Mérida, que estreou como protagonista de Valente, em 2012, representa o padrão antagônico do que se busca numa princesa: cabelo desarrumado, rebelde, impetuosa, maneja arco-e-flecha, desastrada e com um senso de liberdade que a faz ter repulsa pela possibilidade de ser obrigada a se submeter a um casamento “arranjado”, razão pela qual desafia as regras da época e compete pelo direito de decidir com quem casar, pois quer decidir seu futuro. Embora tenha sido treinada para se tornar uma rainha, como sua mãe, ela acha chato ser uma princesa sendo alvo de críticas, e reprimendas por acordar tarde, comer com a boca muito cheia, rir exageradamente, não ser cautelosa e paciente etc, e mesmo conquistando o direito de escolher com quem vai casar, esta não termina com um príncipe encantado, o que diferencia esta trama das demais, pois aqui o papel de independência e liberdade assumido pela mulher a faz desejar, cultivar e fortalecer os laços familiares com os pais, ao invés de pautar sua felicidade e seu bem-estar num relacionamento amoroso.
Frozen – Uma Aventura Congelante, de 2013, traz duas protagonistas Anna e Elsa, e que quebra os padrões clássicos e estereotipados das princesas frágeis e indefesas e dos príncipes heroicos, descortinando a adaptação dos contos de fadas ao pensamento contemporâneo e às necessidades da sociedade atual.
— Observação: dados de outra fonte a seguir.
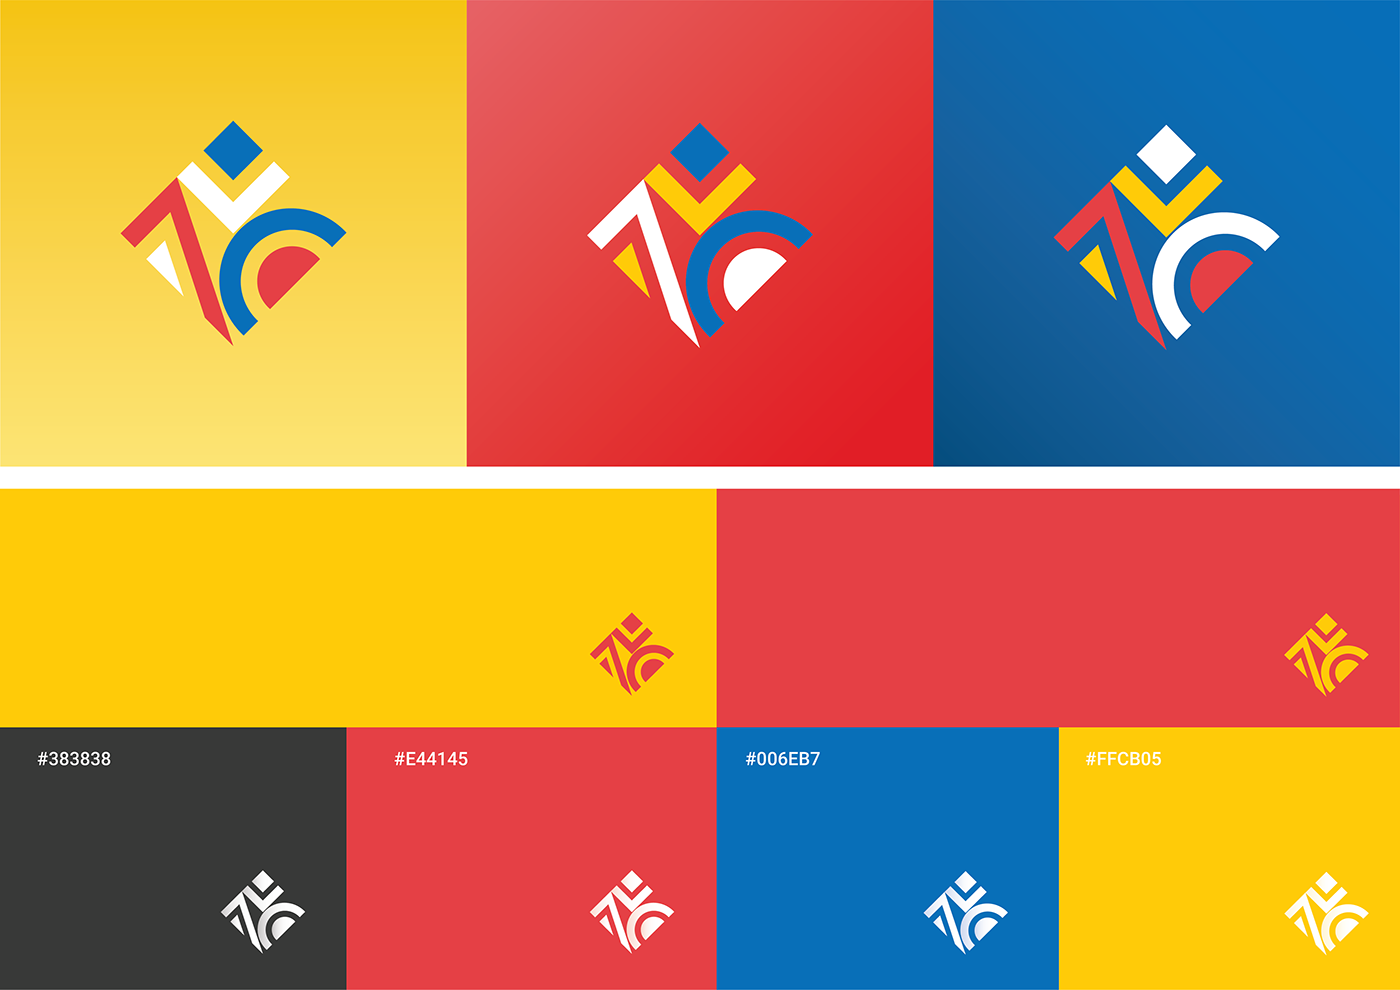 art direction  brand guidelines brand identity branding  Creative Design graphic design  innovation Logo Design Tamaiyuz visual identity
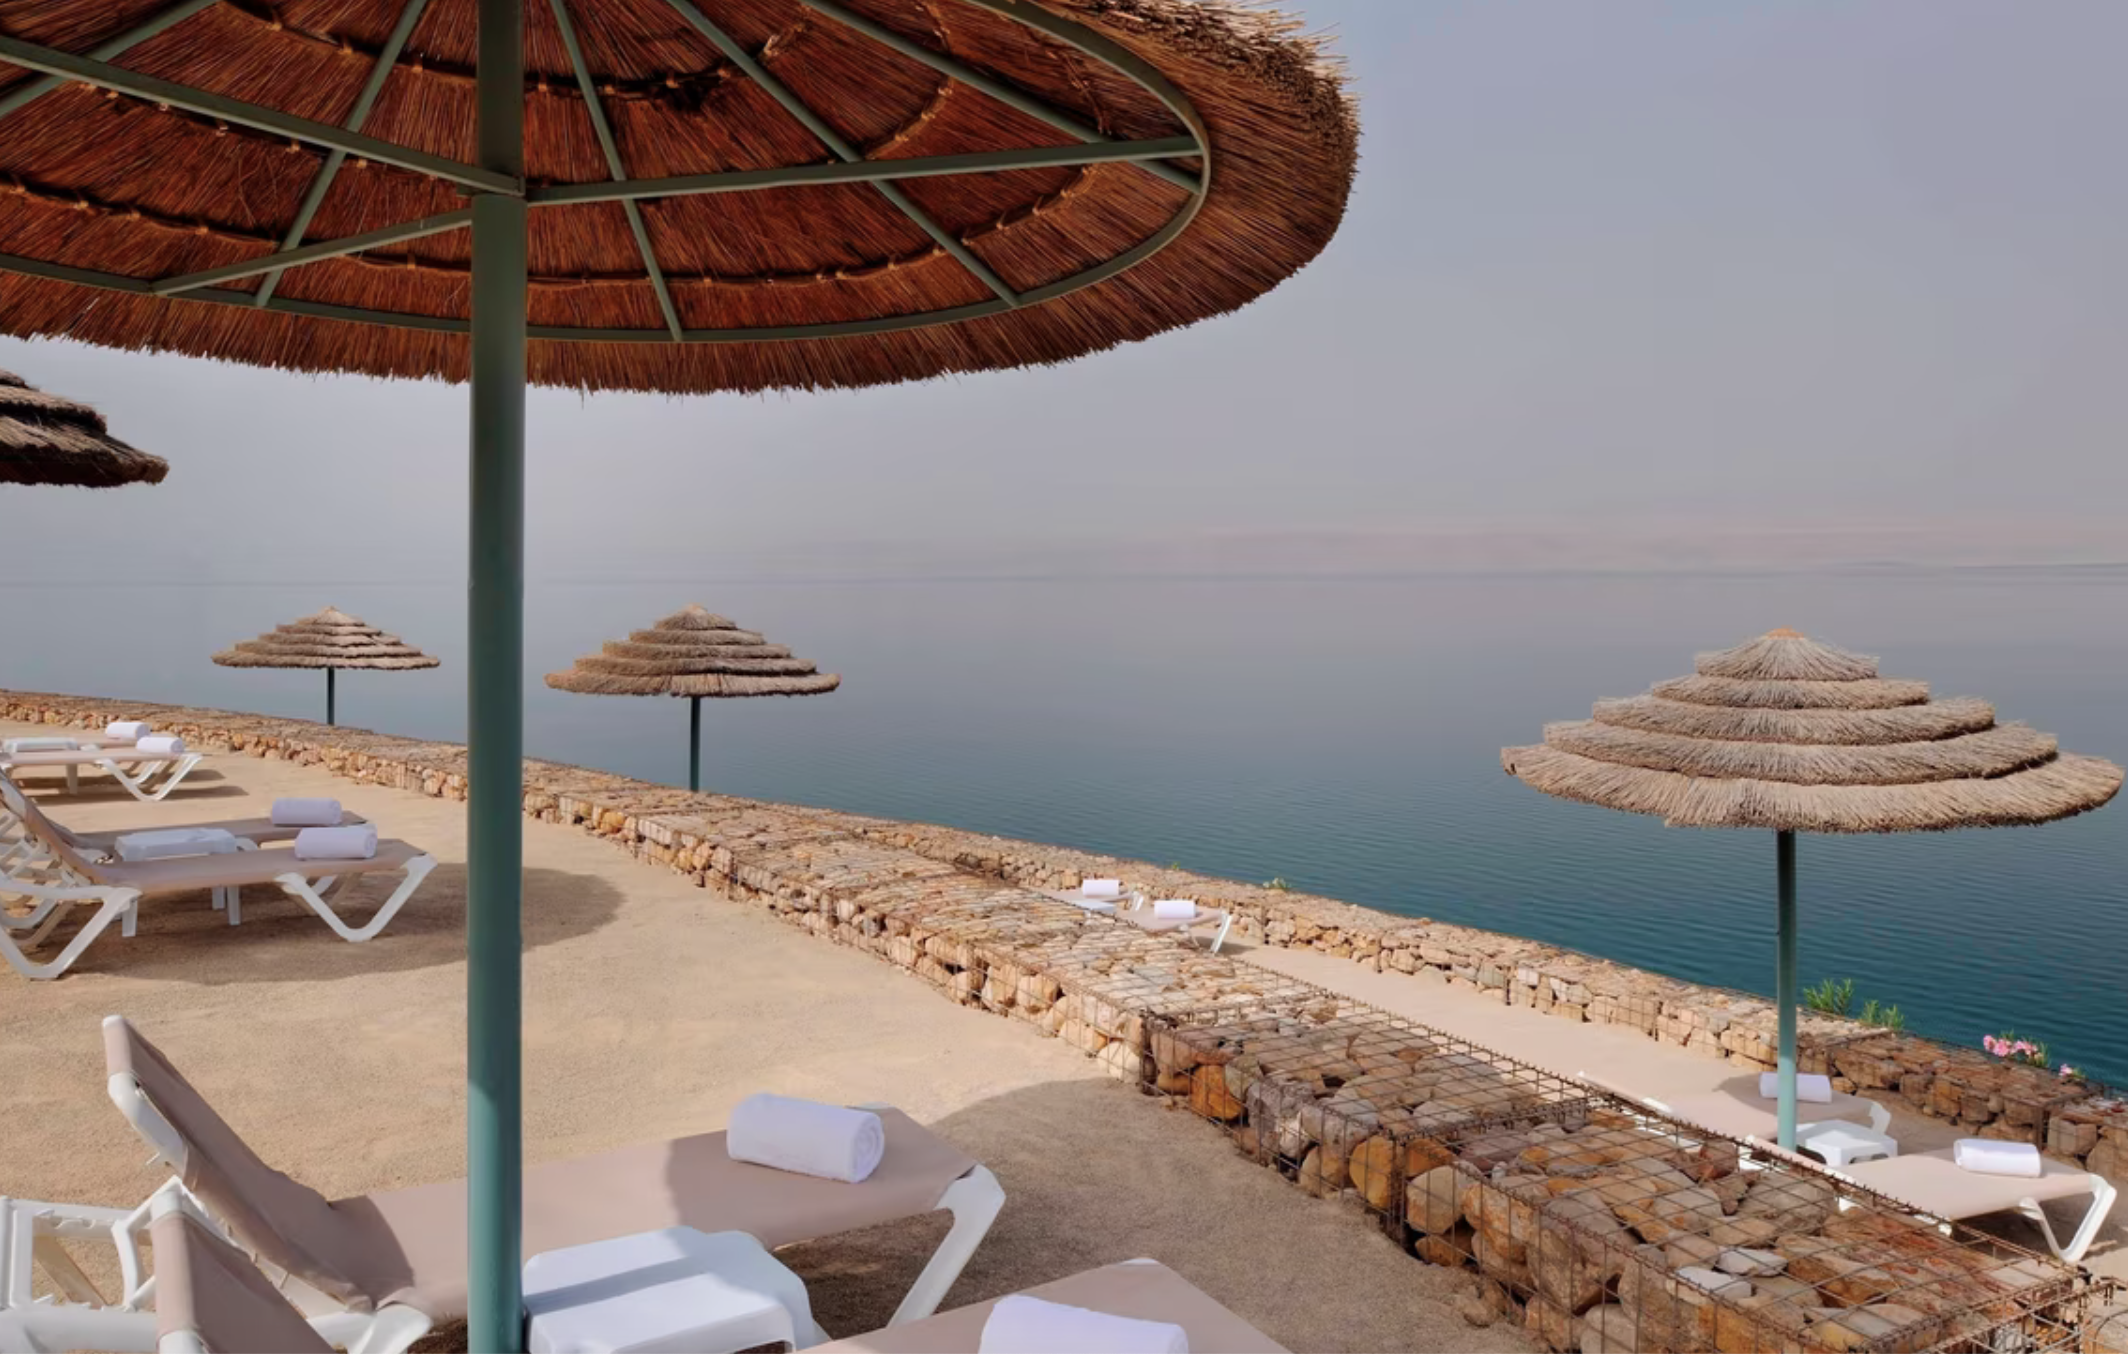 Image Credit: Marriott Dead Sea

O enredo aborda pela primeira vez o amor fraterno, sem olvidar o amor homem/mulher. Além disto, existe outro tema central: o poder mágico de Elsa de criar gelo e/ou transformar em gelo tudo aquilo que toca, que é revelado quando esta se indigna com Anna, que decide casar com um príncipe que acabara de conhecer, por julgar ter se apaixonado por ele.
Anna ratifica aqui as imposições veladas na criação das mulheres, que parte da conduta tradicional das princesas clássicas, como Branca de Nave, Cinderela, e Aurora, e oferece neste enredo como atitude impulsiva e inconsequente, trazendo a representação da sociedade atual, que pressupõe um relacionamento consolidado para se chegar ao casamento. O amor fraterno é expresso quando Elsa foge e Anna sai em busca dela e, nesta saga, conhece Khristoff, que lhe ajuda a encontrar a irmã e mostra que não existe amor à primeira vista. Enquanto Anna, após de decepcionar com seu amado Hans, descobre que príncipes encantados não existem, Elsa assume o trono do reino, que aceita seus poderes, representando a única rainha que não tem um marido, o que denota o atual papel social da mulher, que prescinde da figura masculina para obter êxito e reconhecimento profissional e pessoal.